This repository contains code to accompany the manuscript "Linking Gene Expression to Clinical Outcomes in Pediatric Crohn’s Disease Using Machine Learning" and reproduce the results.
There are two main sections to the code. The first, in the folder "deseq" performs differential expression analysis and prepares data for machine learning. The second, in the "ml" folder, contains scripts that perform hyperparameter searches and then train models for the outcomes.
The clinical and RNA-seq data for this project is not publicly available and submission to a secure data repository is pending. The clinical data should then be placed in 'data/metadata' and RNA-seq data in 'data/processed_data'.
Analysis starts with differential expression. The scripts 'pca_ruv_deseq_all.R' and 'pca_ruv_deseq_cd.R' in the folder 'source/deseq/' create PCA plots, and perform RUV/DESeq2 analysis for the CD vs nonIBD and specific clinical outcomes respectively. They produce results files ('results_deseq.csv') which are filed by tissue type 'c' - colon and 'i' - ileum and outcome 'cd' - CD vs nonIBD, B2, B3, remission, and surgery. The results files can then be fed into 'hallmark.R' and 'volcano.R' to perform pathway analysis and plot volcano plots. The script 'boxplot.R' creates boxplots for specific genes between the groups of interest.

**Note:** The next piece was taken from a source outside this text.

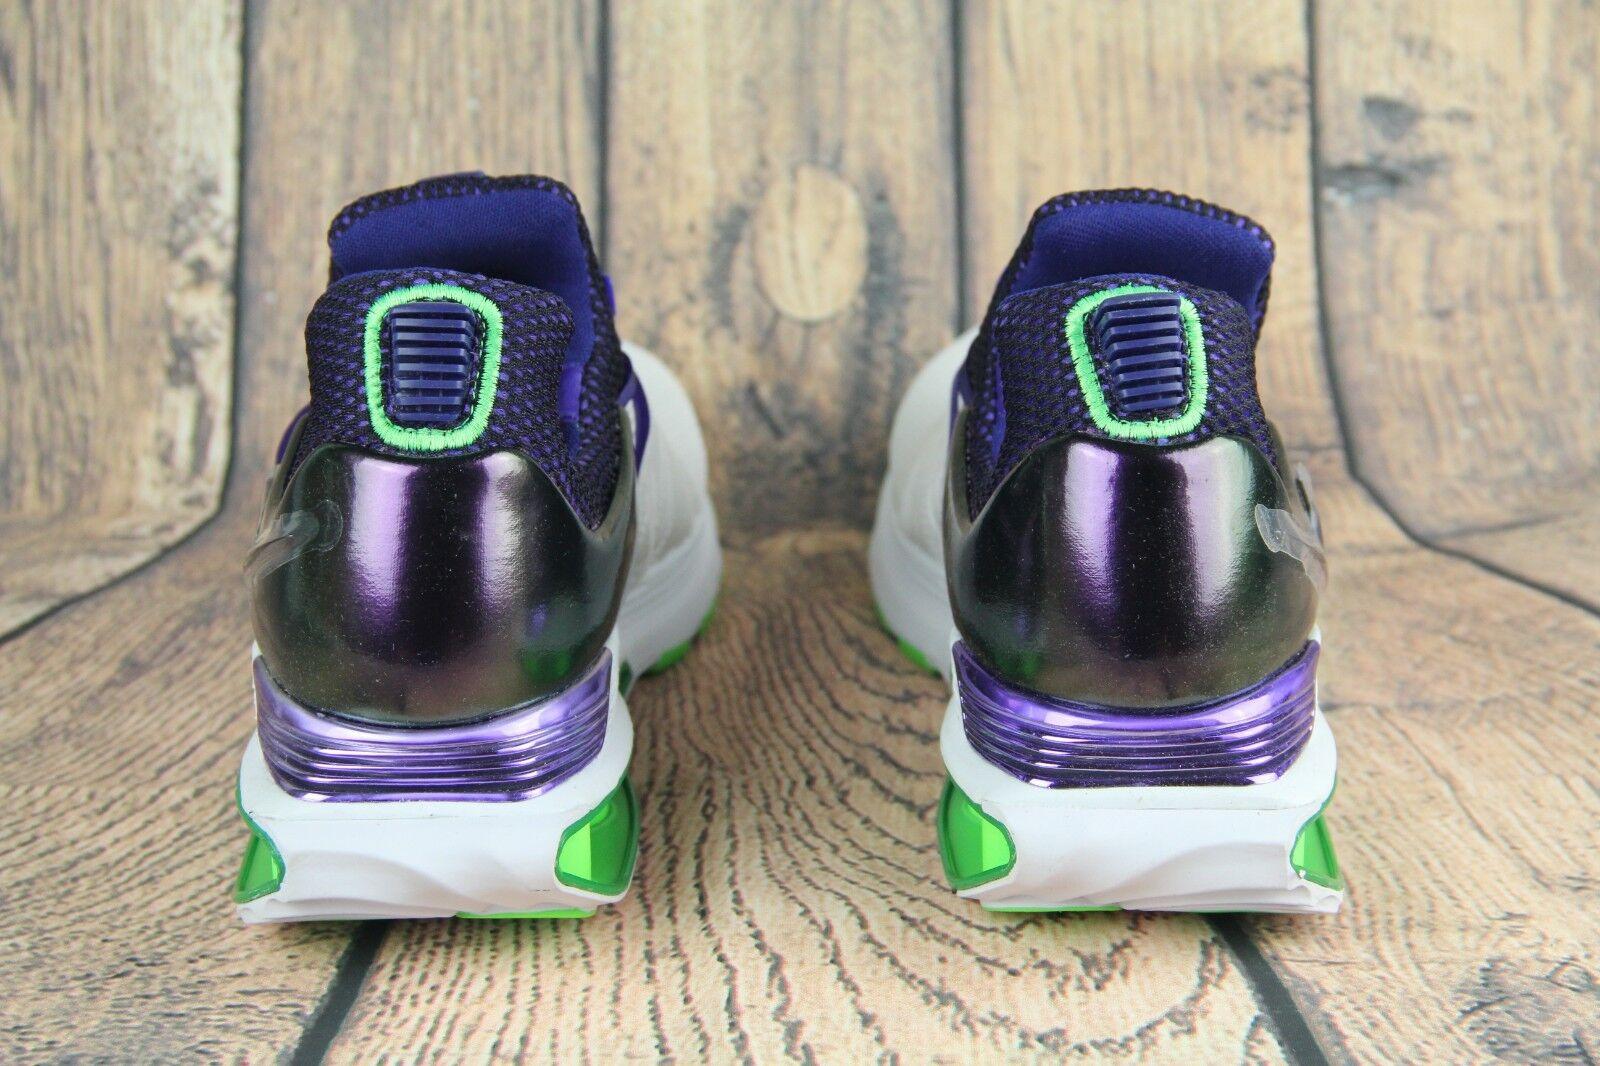 Nike shox schwere turnschuhe, weiße fusion violet violet violet wut grüne aq8554-105 frauen sz fe3040
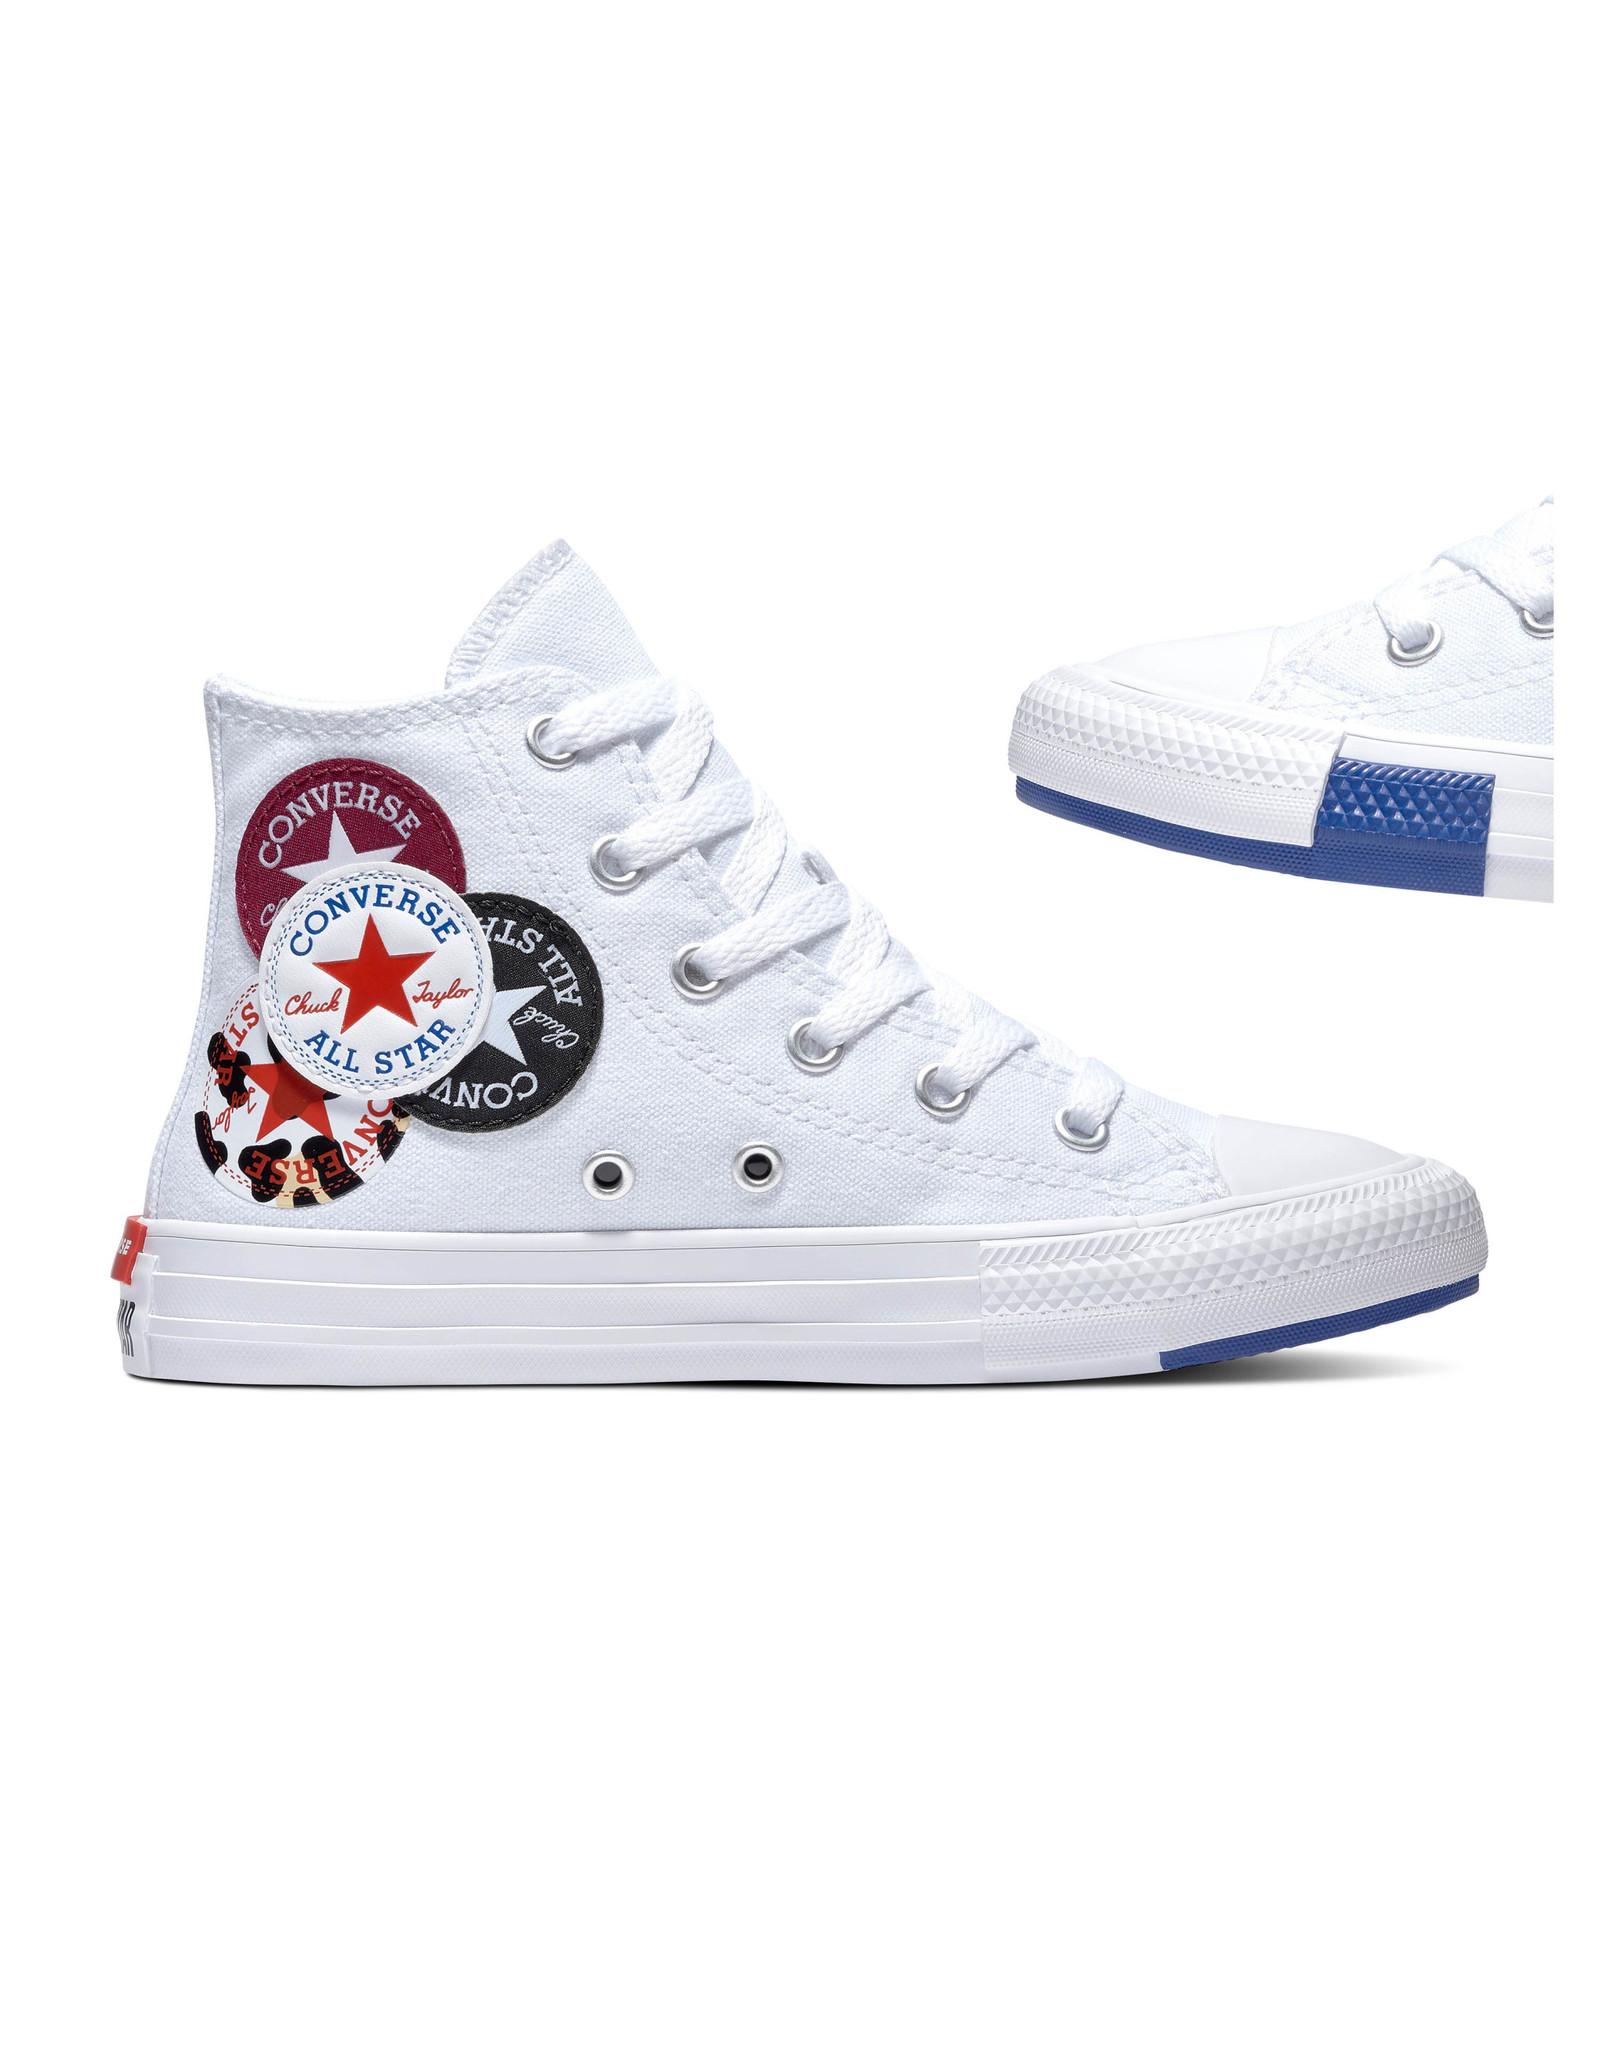 CONVERSE CHUCK TAYLOR ALL STAR  HI WHITE/RUSH BLUE/ROSE MAROON CALOW-366989C

Finally, 'preproc_forml_rbe.R' can be used to transform the raw counts data for downstream use in machine learning, creating the files 'data_vst_ruv1_c.csv' and 'data_vst_ruv1_i.csv'. 'preproc_comb.ipynb' then combines the RNA-seq data with the clinical data in the products 'comb_vst_i.csv' and 'comb_vst_c.csv'.
The machine learning models are split into clinical variables models ("clin") and clinical + gene expression models ("comb"). Clinical variable models are further split into not including the rectosigmoid involvement variables ("norsi") and including it ("rsi"). Each of the "search_all_{}.py" scripts in the "clin" folders tunes random forest, XGBoost, and neural network models for the respective outcome. The "all_models.py" script then reads the results from the hyperparameter searches and trains/evaluates each tuned model and generates ROC and PR curves for each outcome.
The hyperparameter tuning scripts in the "comb" folder use the argparse (https://docs.python.org/3/library/argparse.html) library and accept the arguments '--outcome' with the options 'B2', 'B3', 'rem', and 'surg' and '--rsi' with the options 'rsi' and 'no_rsi'. These scripts also save the hyperparameter tuning results to respective csv files. 'all_models_no_rsi.py' and 'all_models_rsi.py' can then be used to read the hyperparameter tuning results files, train/evaluate models, and plot ROC and PR curves for each model and outcome.